Пока мы разворачивались, чтобы лететь к Москве, я отправился на прогулку. С чистой совестью называю осмотр прогулкой, потому что во время полета осмотрел одиннадцать основных отсеков, связанных между собой автоматической телефонной связью. Мало этого, телефонную связь дублировала система пневматической почты, обеспечивая возможность передавать еще и письменные распоряжения. Самолет потрясал своей величиной – помещения располагались не только внутри фюзеляжа, но и в крыльях. Я осмелился войти в коридор левого крыла и стал открывать одну за другой двери, выходящие в него. За дверями открывались комнатки, потом помещения для моторов, каждый мотор был изолирован от других. Меня догнал инженер и показал электростанцию. Электростанция снабжала током не только радиотелефон, громкоговоритель и взлетное устройство, но еще и восемьдесят осветительных точек, общей мощностью двенадцать тысяч ватт.

Я осматривал самолет уже четверть часа, погрузившись в его нутро, словно в трюм миноносца, и мне все время светил электрический свет. Я купался в неутомимом и победительном пении моторов. Навстречу мне попались телефонисты, я заметил, что есть помещения с кроватями, видел механиков в синих брезентовых костюмах. Но больше всего я изумился, когда обнаружил небольшой кабинет и в нем юную машинистку, которая печатала на машинке…

Но вот мне снова светит дневной свет. Москва медленно разворачивается под крылом. Бортовой командир, сидя в уголке салона, передает по телефону уж не знаю какие там распоряжения своим пилотам. С радиопоста по пневматической почте ему поступают сообщения. Все вместе создает ощущение сложного механизма, сложно организованной жизни, какой у меня в полете никогда не было.

Я уселся поглубже в кресло и закрыл глаза. Через спинку кресла до меня доходили послания восьми моторов.
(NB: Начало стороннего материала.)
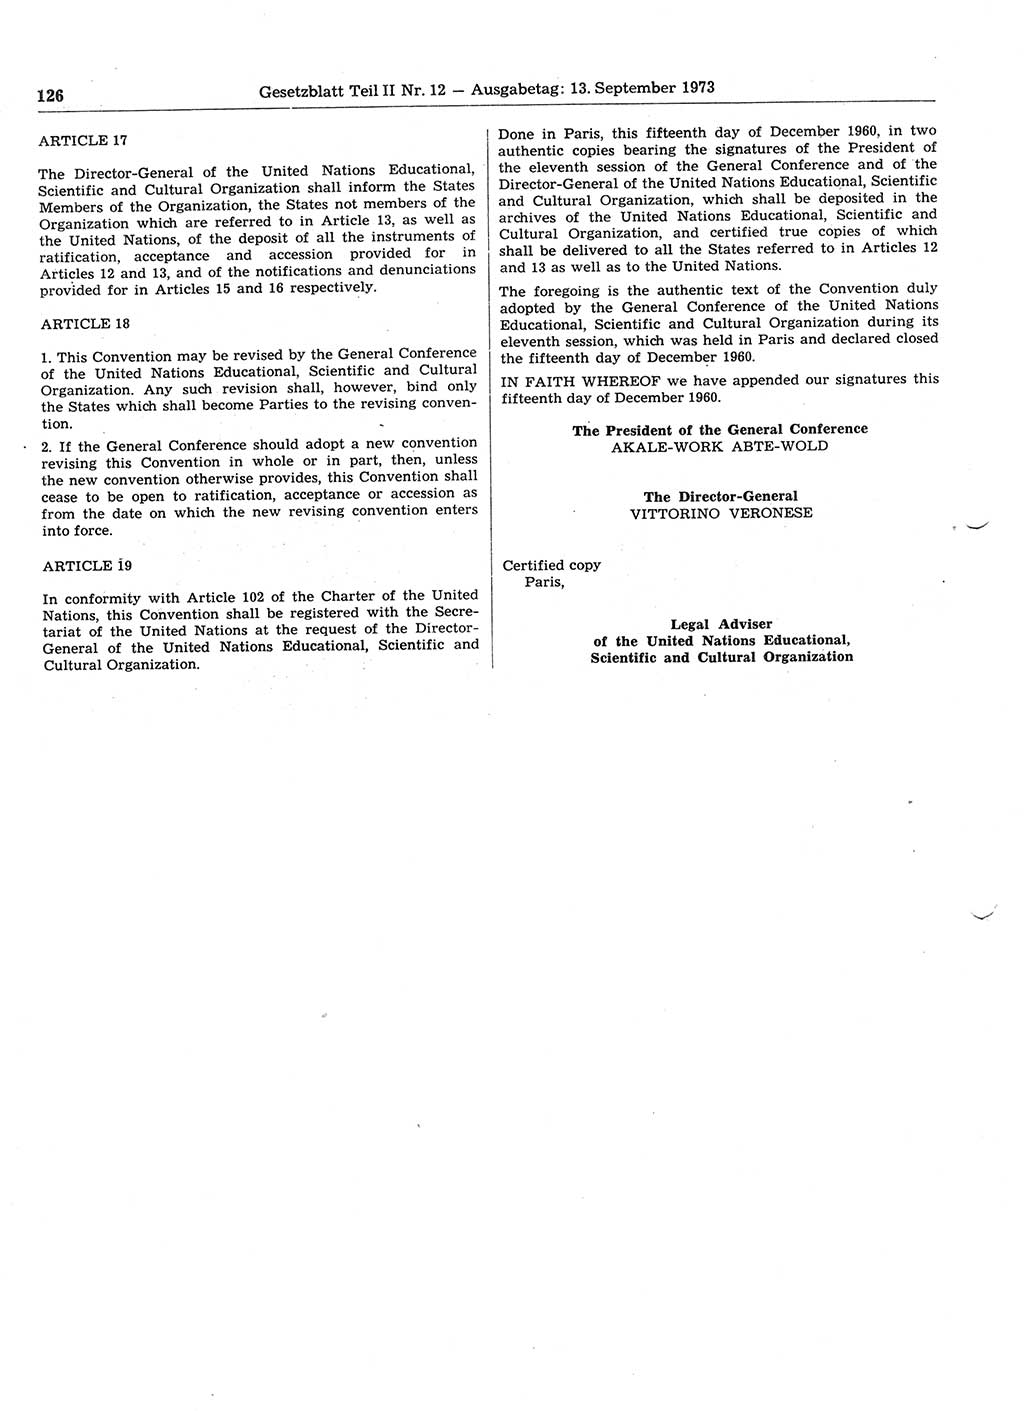 Gesetzblatt (GBl.) der Deutschen Demokratischen Republik (DDR) Teil ⅠⅠ 1973, Seite 126 (GBl. DDR ⅠⅠ 1973, S. 126)

Я чувствовал, как струится по моему телу живая горячая вибрация. Мысленно видел перед собой электростанцию, снабжающую все вокруг светом, вспоминал отсеки с моторами, жаркие, словно печи. И снова открыл глаза.

В широкое окно салона проникал голубой свет, а я будто занял место на террасе дорогой гостиницы и сверху озирал землю. Привычное устройство тяжелого аппарата, в котором кабина пилота, бортовое оборудование и пассажирский салон составляют целое, в этом самолете отсутствовало. Отдельно салон управления, отдельно холл, где можно отдыхать, мечтать…

Назавтра самолета «Максим Горький» не стало. Его гибель переживается здесь как общенародное горе. Советский Союз потерял не только выдающегося пилота Журова и десять членов его экипажа, не только тридцать пять пассажиров, работников конструкторского бюро ЦАГИ, для которых полет был наградой за отличную работу, Советский Союз потерял великолепное подтверждение жизненности его юной индустрии.

Я говорил с людьми, работающими в области авиации, и мне показалось, что их хоть немного, но утешает то, что причиной гибели гиганта была нелепая случайность. Драма произошла не из-за ошибки в расчетах инженеров, не из-за неопытности или неумелости рабочих, не от просчета экипажа. Во время уверенного спокойного полета «Максима Горького» его траекторию, прямую, как выстрел, пересек истребитель.

Удивительная вечеринка с мадемуазель Ксавье и десятью чуточку пьяными старушками, оплакивающими свои двадцать лет…

Убедившись, что это и есть дом номер тридцать, я останавливаюсь перед большим унылым зданием. Сквозь подворотню виден длинный ряд дворов и построек. Вход в Сальпетриер[46], и тот не выглядит тоскливей. Такие муравейники – умирающая часть Москвы, в конце концов, их разрушат и возведут на их месте высокие белые дома.